Even if no differences were observed in the percentage of meiotically mature oocytes in our study, significant differences were observed in fertilization rates. A longer incubation period prior to denudation (up to 3 hours) gave better fertilization rates. This could mean that a delay of denudation may not necessarily increase the number of meiotically mature eggs but it allows the MII oocytes to complete cytoplasmic maturation. Nuclear maturity can easily be assessed before ICSI as it is evidenced by the expulsion of the first polar body but the cytoplasmic maturity process is not very well known, it is thought to involve maternal mRNA and proteins . In natural cycles, nuclear and cytoplasmic maturity is highly coordinated whereas in stimulated cycles, the two phenomena appear to be asynchronous [15, 16]. Hence, some oocytes retrieved from stimulated cycles could be cytoplasmically immature despite reaching the MII stage. This could be one explanation for the fact that the timing between oocyte retrieval and denudation influences significantly the implantation rate (with best results when denudation is achieved around 1.5–2 hours after oocyte retrieval) even though the embryo quality was not affected by the timing of the different procedures. The surrounding cells might also secrete paracrine substances and growth factors or express adhesion molecules on their surface membranes that might play a role in the nuclear and/or oocyte maturation. For example, the ovarian brain-derived neurotrophic factor secreted by granulosa and cumulus cells is essential for nuclear and cytoplasmic oocyte development .

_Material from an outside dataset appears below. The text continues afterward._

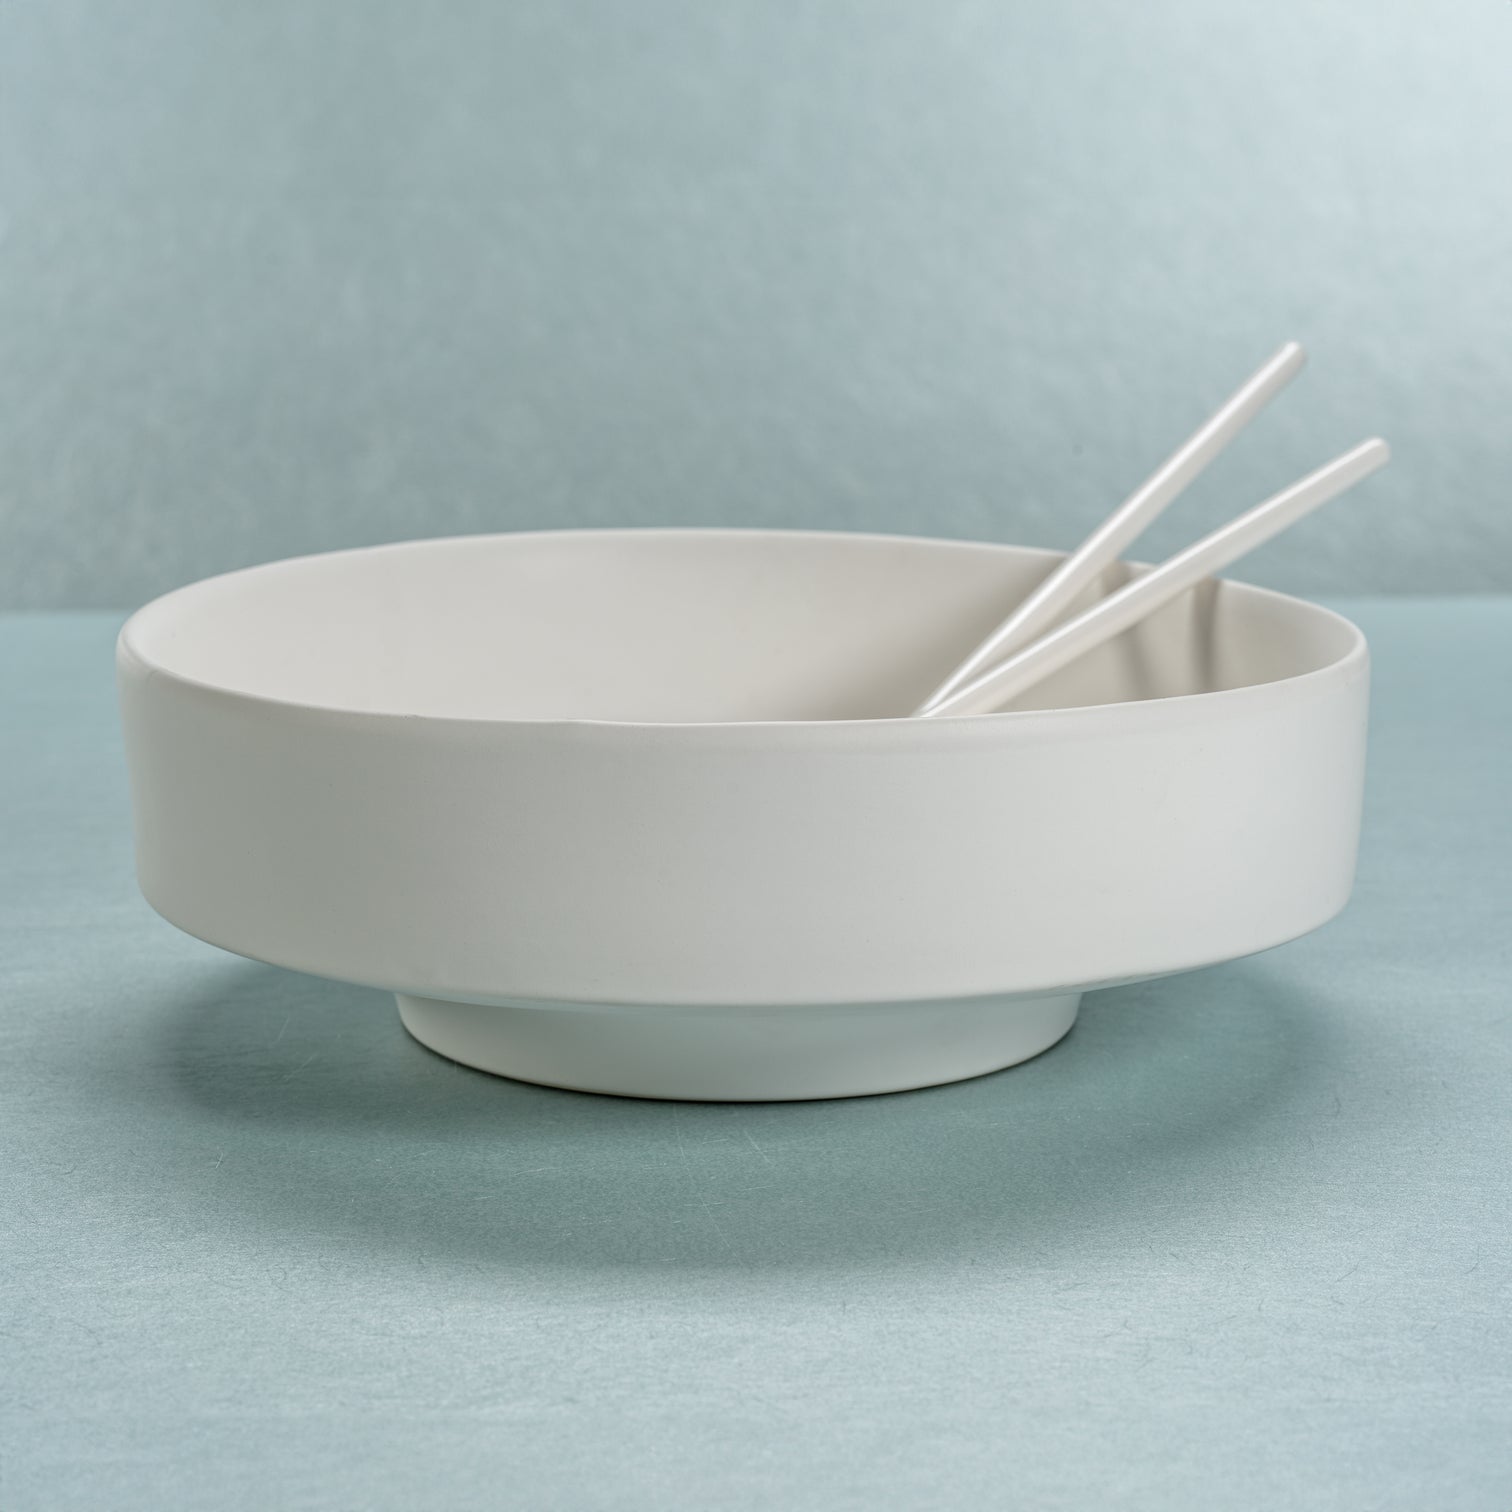 Côte d'Azur White Ceramic Centerpiece Bowl

Conflicting results concerning the preincubation of oocytes prior to ICSI were found in the literature. Some supported it [1, 2, 5, 6], others did not find evidence showing any advantages [3, 4]. And, even among those studies which support the incubation of oocytes prior to ICSI, it does not always concern the same parameters, upregulating either the fertilization rate only [1, 7], the embryo quality only , or both fertilization and pregnancy rates ; (our study). Furthermore, there is no common agreement on how many hours the oocytes should be incubated. We intentionally analyzed data of ICSI performed on a selected population to avoid possible factors that could bias the results. Among them, a fixed timing after hCG administration was determined (36.5 h post hCG). In fact, the majority of the oocyte retrievals were performed between 36.0 and 37.0 hours, that is, 36.5 h post HCG as only 13 (11.8%) was out of range. But the same conclusion was obtained after reanalysing the data without these 13 attempts. The time between oocyte retrieval and ICSI should not also exceed a certain sensible limit. In some studies, oocytes were injected up to 11 hours [1, 2] after retrieval, which seemed to have a bad influence on the embryo quality as significantly less good quality embryos were obtained from the oocytes injected 9–11 hours after retrieval . It has been shown that ageing oocytes are much more sensitive to parthenogenetic activation  or that a longer preincubation period could affect oocyte quality . The capacity of the cytoplasm of MII oocytes to decondensate sperm DNA, resume meiosis, and promote the evolution of male pronucleus appears to decline progressively 24 hours after oocyte retrieval . Van de Velde claimed that ICSI should not be done more than 12 hours after retrieval because in vitro ageing seems to result in spindle instability and subsequent loss or scattering of chromosomes in the oocyte [24–26].
Our results suggest that the preincubation between oocyte collection and denudation up to 3 hours after retrieval in ICSI may not increase the percentage of mature oocytes but improves the fertilization and implantation rates even though the embryo quality is not influenced. On the other hand, the sperm injection should be achieved without any delay after oocyte denudation to keep good fertilization results.